AST attention module: Audio-visual features are concatenated as \(\mathbf{Z}^0 = [\tilde{\mathbf{A}}; \tilde{\mathbf{V}}] \in \mathbb{R}^{T \times (1+H \cdot W) \times D}\). A factorized attention strategy is adopted to avoid the quadratic complexity of applying self-attention directly over flattened video features:

  • Spatial attention: Multi-head self-attention over the \(1 + H \cdot W\) dimension, capturing intra-frame cross-modal audio-visual interactions.
  • Temporal attention: Multi-head self-attention over the \(T\) dimension, modeling cross-frame temporal dependencies.

Loss & Training

A cross-modal multiple-instance contrastive learning loss adapted from EZ-VSL is employed with two modifications: (1) a temporal component is introduced to define visual bags at the frame level; (2) mean similarity instead of maximum similarity is used for negative sample bags, reducing the dominance of noisy instances:

\[\mathcal{L}_{a \rightarrow v} = -\mathbb{E}_{t,i}\left[\log \frac{\exp(\text{p}_i^t)}{\exp(\text{p}_i^t) + \sum_{j \neq i}^B \exp(\text{n}_{ij}^t)}\right]\]

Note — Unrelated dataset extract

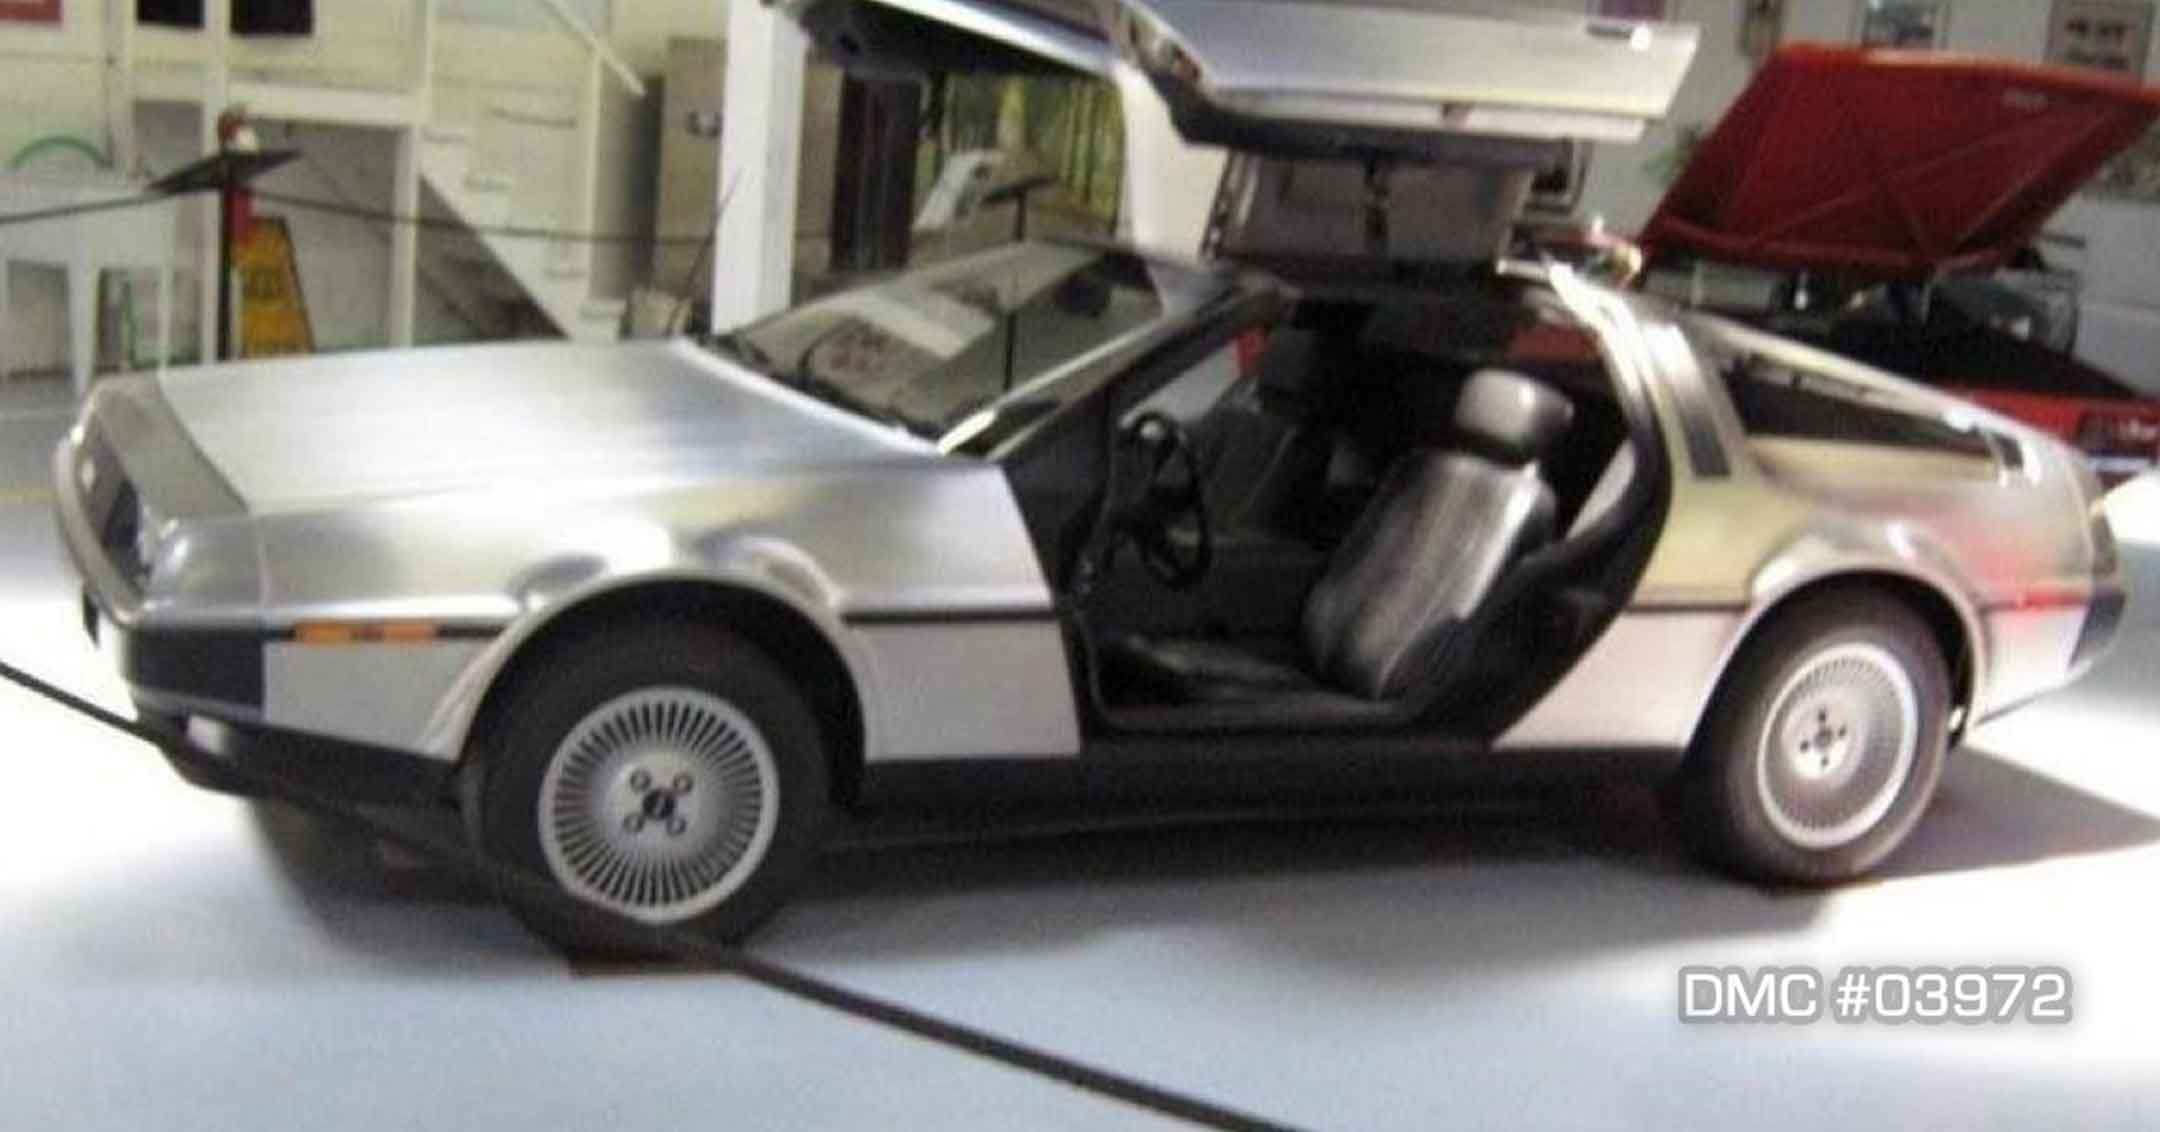 DMC 03972 | DeLoreanDirectory.com
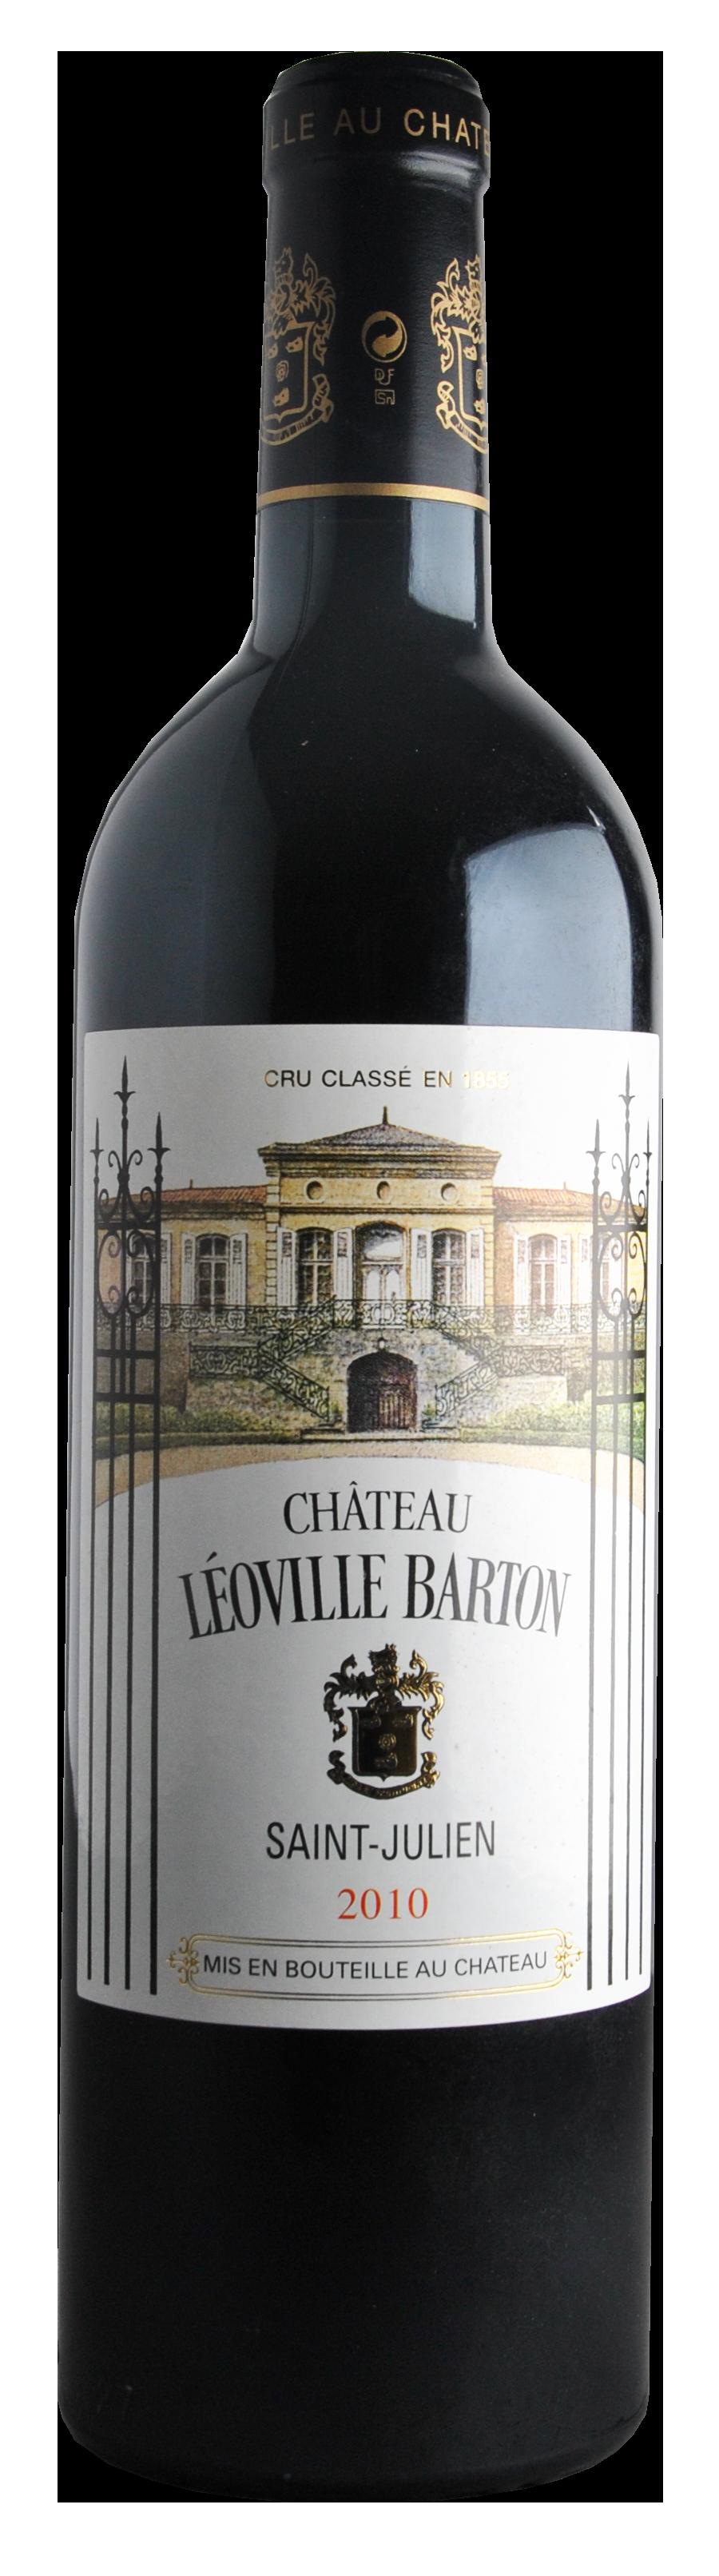 Léoville Barton - Vins Pirard

The final loss is bidirectional: \(\mathcal{L} = \mathcal{L}_{a \rightarrow v} + \mathcal{L}_{v \rightarrow a}\).

Key Experimental Results

Main Results

Method Single-sound CIoU(%) Single-sound AUC(%) Mixed-sound CIoU(%) Multi-entity CIoU(%) Off-screen TN(%)
SLAVC(144k) 9.07 10.60 6.31 6.41 96.46
EZ-VSL(10k) 9.66 11.07 8.16 6.87 96.91
EZ-VSL(144k) 10.92 12.22 6.97 5.80 96.47
SSL-TIE(144k) 13.10 14.23 5.19 5.50 90.82
TAVLO(10k) 13.42 14.08 14.13 12.08 91.18

Robustness under Cross-event Scenarios

Method Total CIoU(%) Cross-event CIoU(%) Δ
EZ-VSL(full) 10.50 5.26 -5.24
SSL-TIE(144k) 10.39 5.03 -5.36
TAVLO(10k) 13.37 13.04 -0.33

Key Findings

  1. TAVLO trained on only 10k samples surpasses baselines trained on 144k samples.
  2. The performance advantage is most pronounced in Mixed-sound and Multi-entity scenarios, with CIoU improvements of approximately 6–7 percentage points.
  3. In cross-event scenarios, baseline CIoU drops by 3–5 percentage points, whereas TAVLO drops by only 0.33, demonstrating that temporal modeling is critical for tracking dynamic sound sources.
  4. Qualitative analysis shows that TAVLO correctly distinguishes the actively sounding drum in multi-drum scenes and handles off-screen-to-on-screen speaker transitions.

Highlights & Insights

  1. Precise problem formulation: The first systematic extension of AVL to the video level, defining four comprehensive evaluation scenarios.
  2. Elegant factorized attention design: The AST module processes video features in linear time via spatial-temporal factorized attention, avoiding quadratic complexity.
  3. High data efficiency: Surpassing 144k-trained baselines with only 10k training samples highlights the inductive bias advantage conferred by temporal modeling.
  4. Practical semi-automatic annotation pipeline: Combining model-assisted labeling with human verification balances annotation quality and efficiency.

Limitations & Future Work

  1. The approach assumes at least partial audio-visual alignment; independent localization of off-screen sounds remains an open problem.
  2. The benchmark does not provide scenario-specific optimization strategies for each evaluation setting.
  3. Threshold selection in off-screen evaluation has a considerable impact on results.
  • AVL methods: Self-supervised approaches including EZ-VSL, SSL-TIE, and SLAVC; semi-supervised method DMT.
  • AVL benchmarks: Flickr-SoundNet, VGGSS, AVSBench, all lacking video-level temporal annotations.
  • Video understanding: Spatiotemporal attention factorization strategies (TimeSformer, ViViT).

Rating

  • Novelty: ⭐⭐⭐⭐ — The video-level AVL benchmark and temporally-aware model represent pioneering contributions to the field.
  • Technical Depth: ⭐⭐⭐⭐ — Temporal encoding and AST attention design are well-motivated and technically sound.
  • Experimental Thoroughness: ⭐⭐⭐⭐ — Four-scenario comprehensive evaluation and cross-event analysis are convincing.
  • Writing Quality: ⭐⭐⭐⭐ — Clear structure with well-articulated motivation.